= What the task requires =
Write out the whole listing exactly; no images belong in it.

= Exercise inputs =
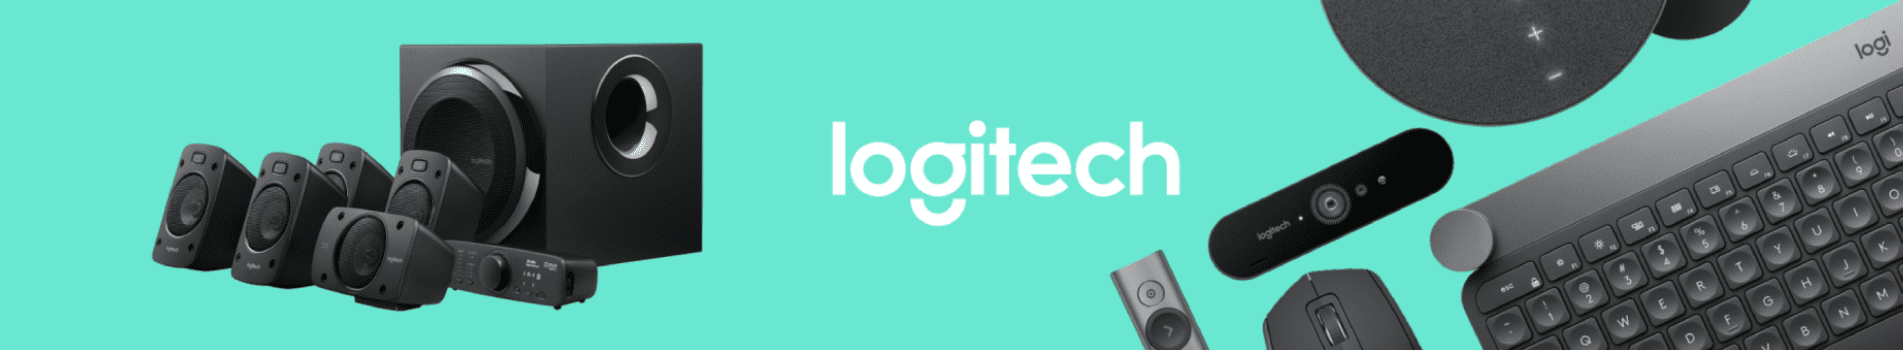 Buy Logitech Products @ best prices on tecneek !
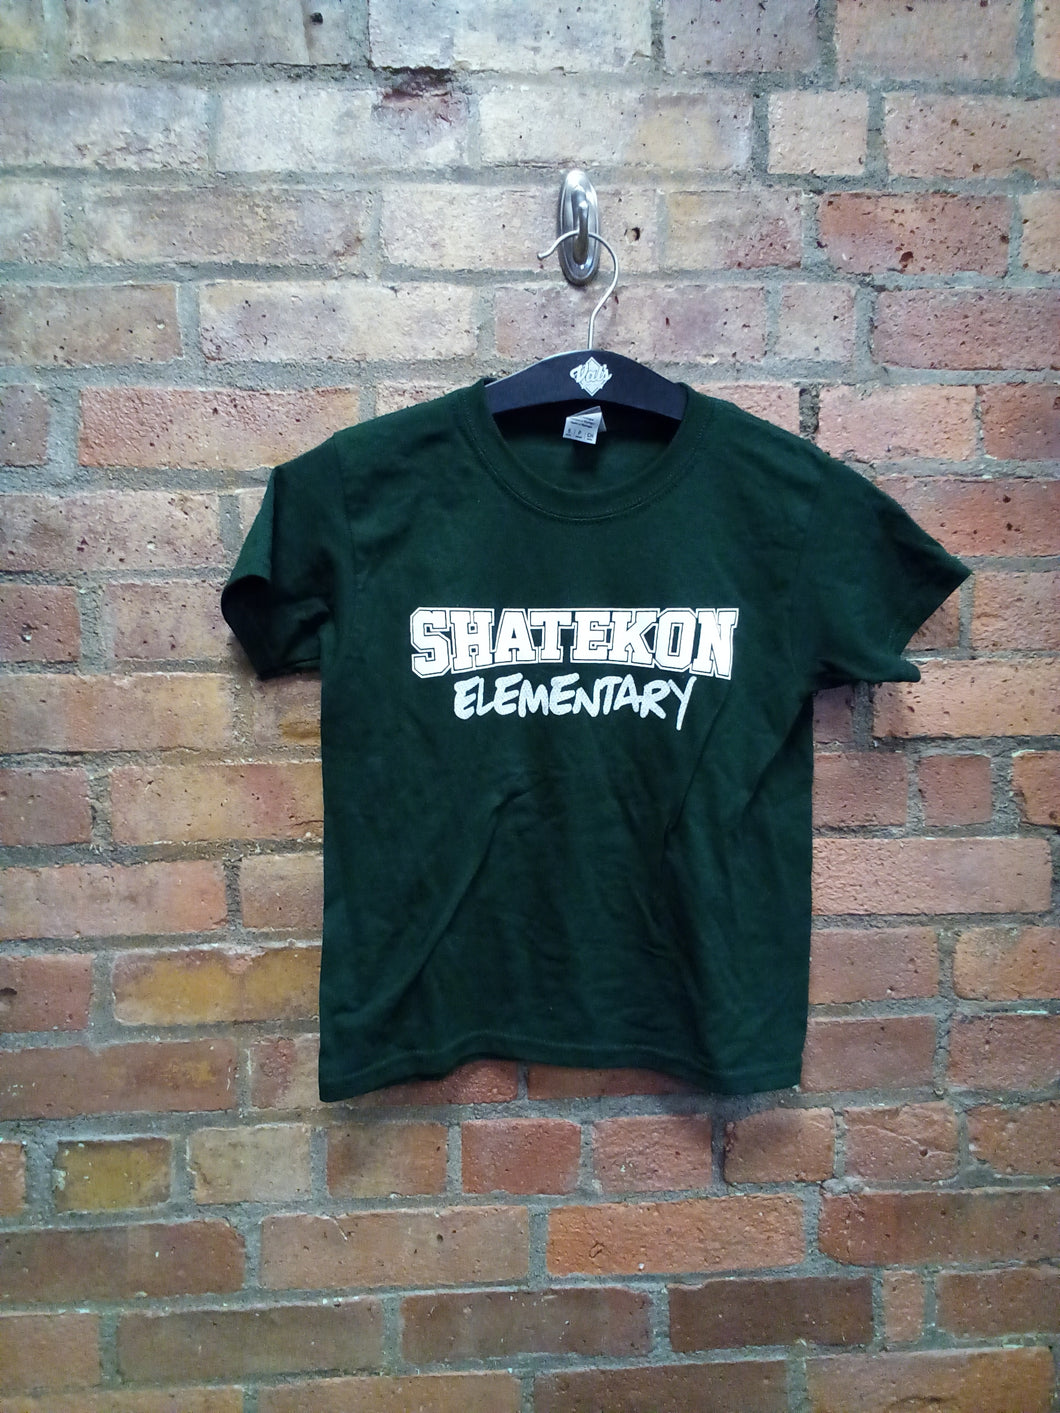 CLEARANCE - Shatekon Elementary Youth T-Shirt - Size Small
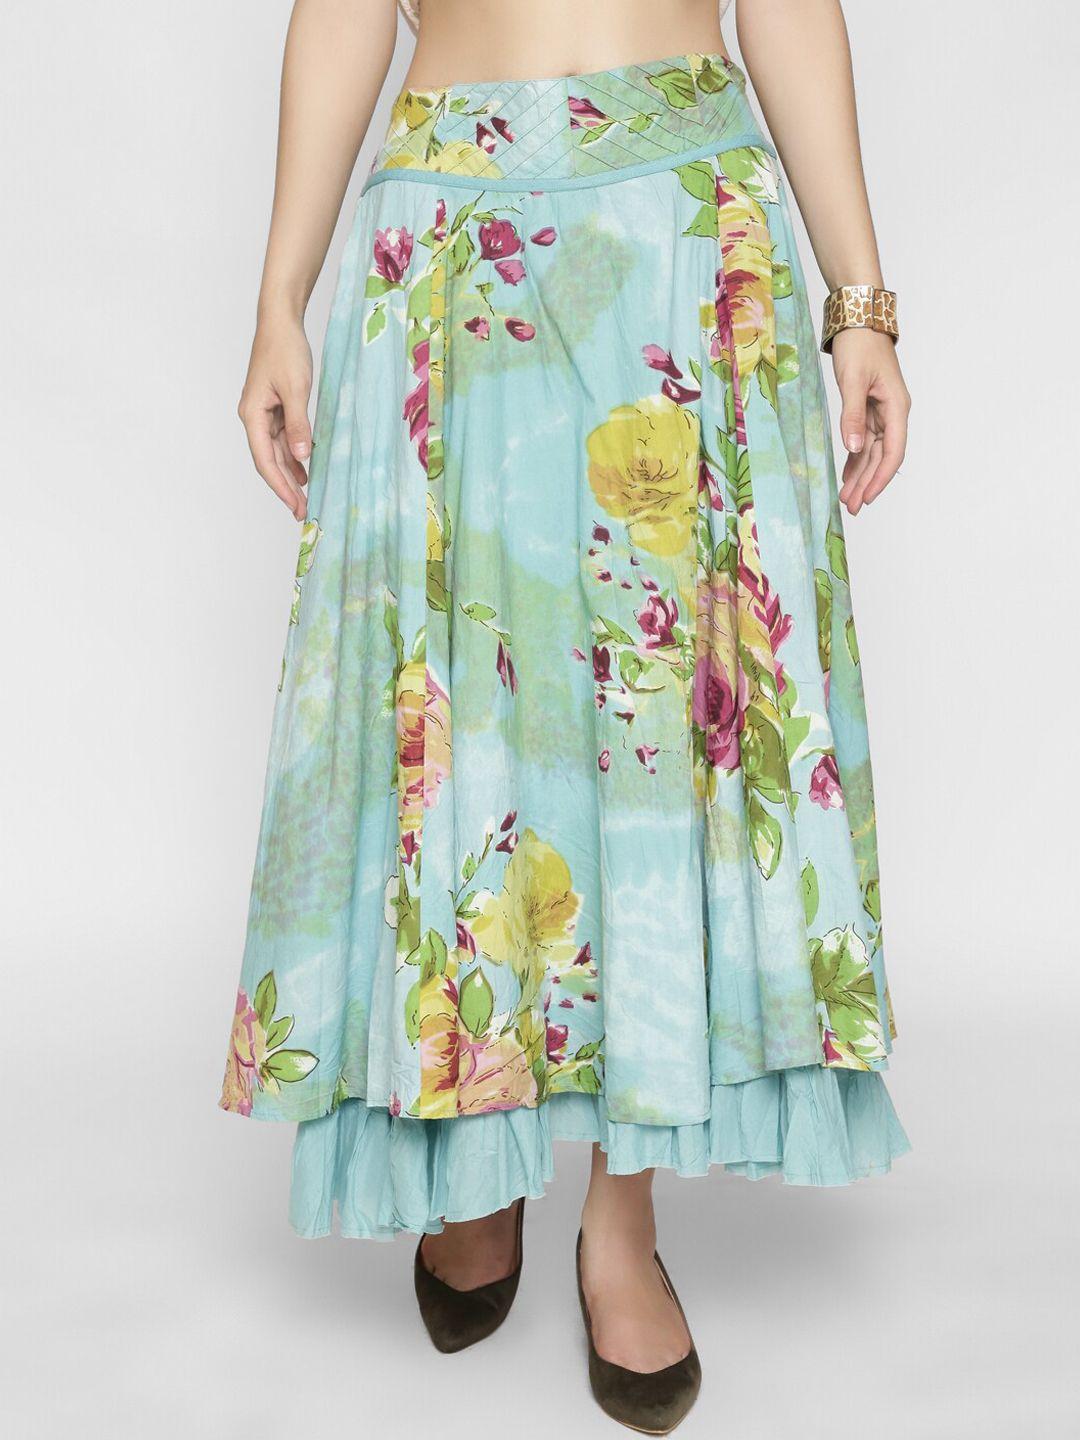 250 designs women turquoise blue floral printed midi flared skirts
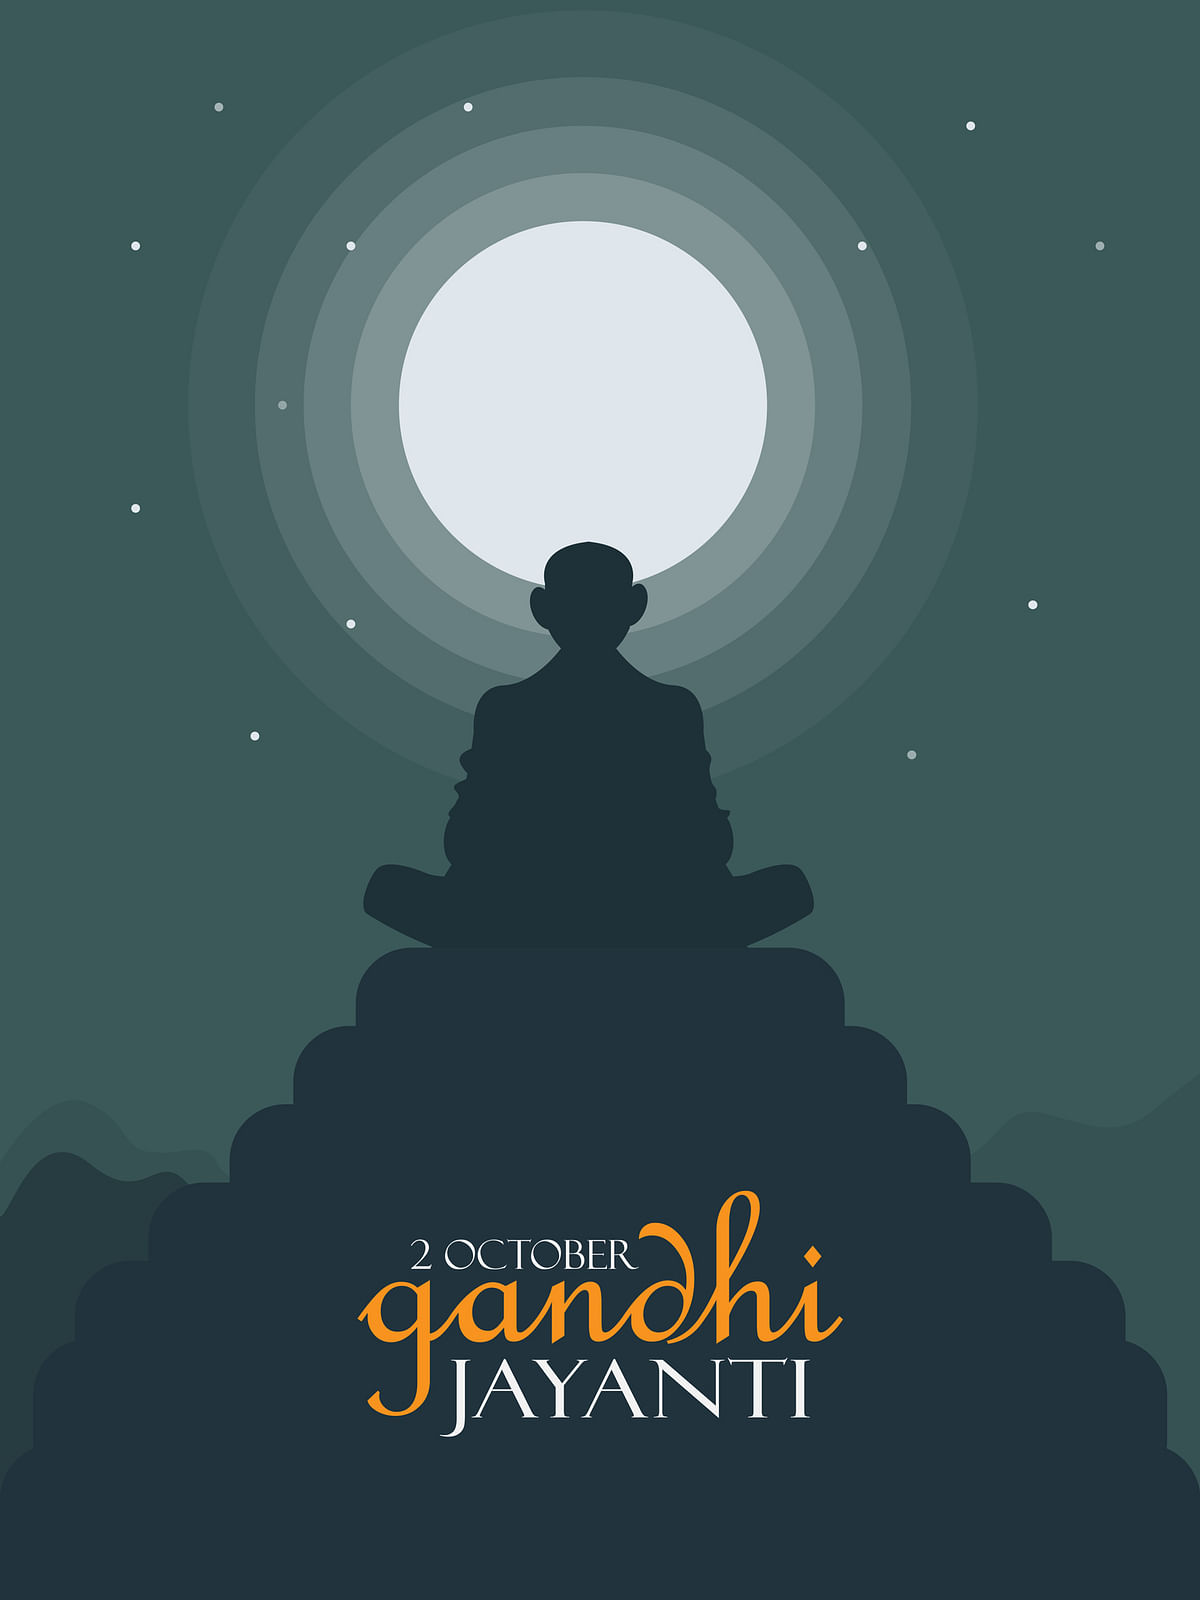 Here are some images, wishes and quotes that you can share with your loved ones on on Gandhi Jayanti.
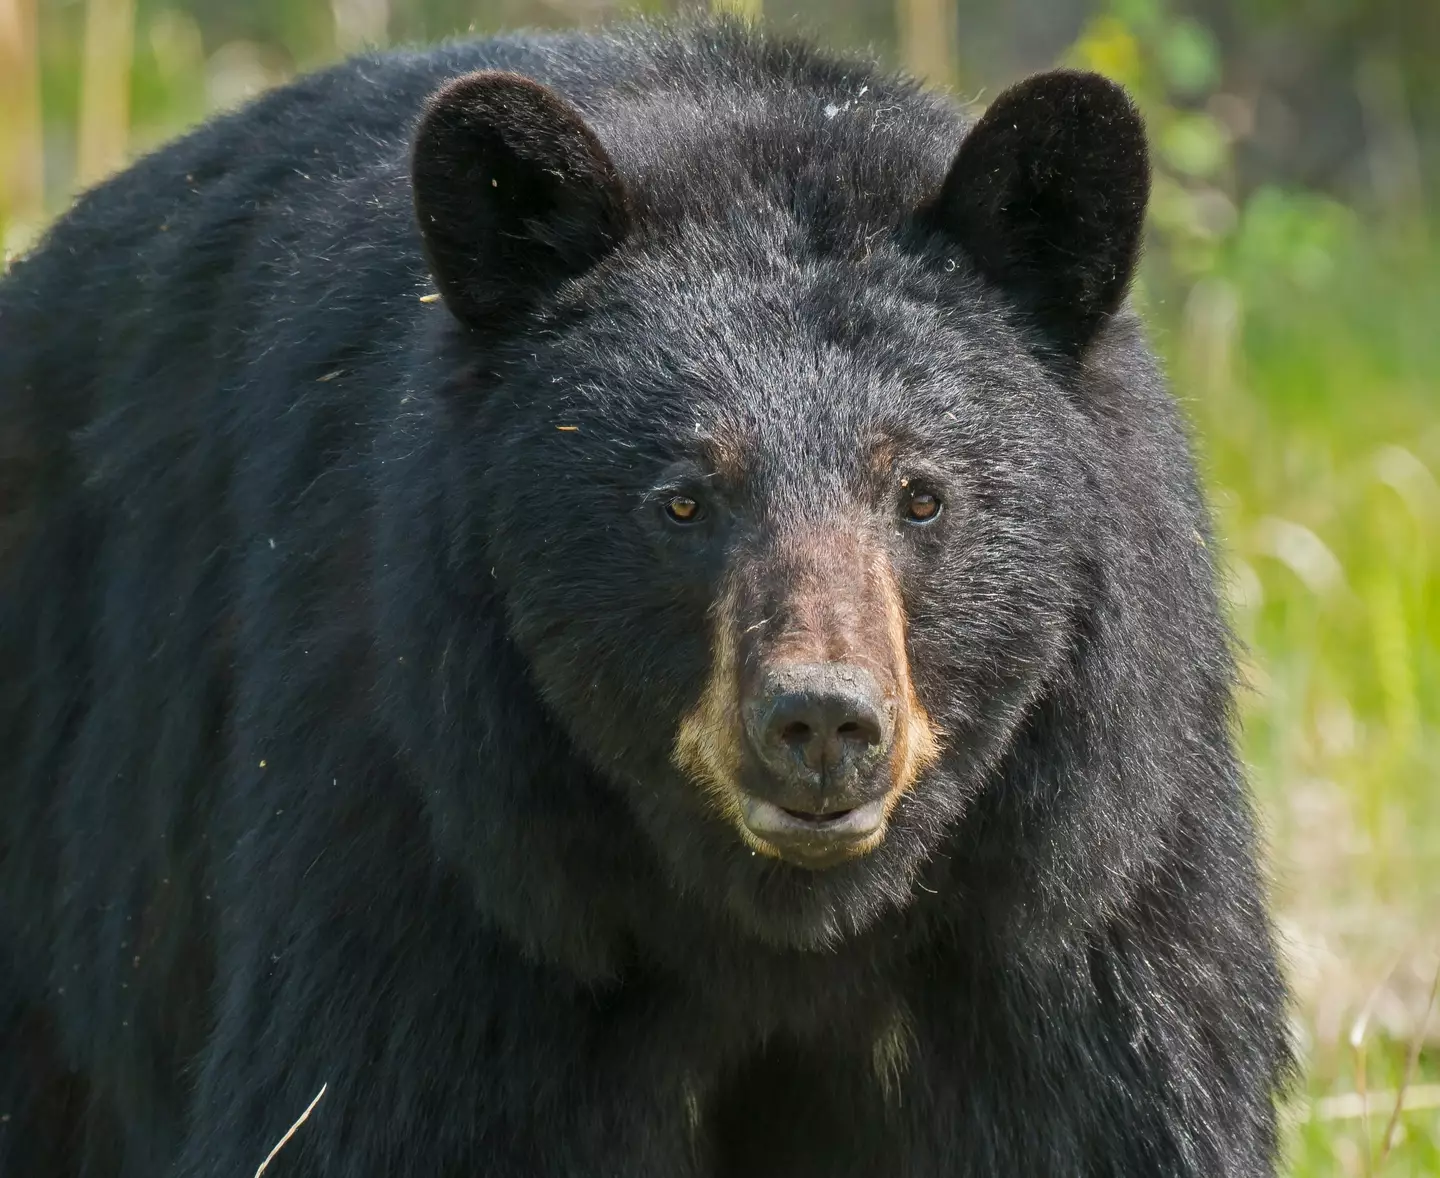 The US National Parks Service has advised to fight back if a black bear charges and attacks.

= Reply =
 Buy Logitech Products @ best prices on tecneek !
 CLEARANCE - Shatekon Elementary Youth T-Shirt - Size Small
 250 designs women turquoise blue floral printed midi flared skirts
 Here are some images, wishes and quotes that you can share with your loved ones on on Gandhi Jayanti.
 The US National Parks Service has advised to fight back if a black bear charges and attacks.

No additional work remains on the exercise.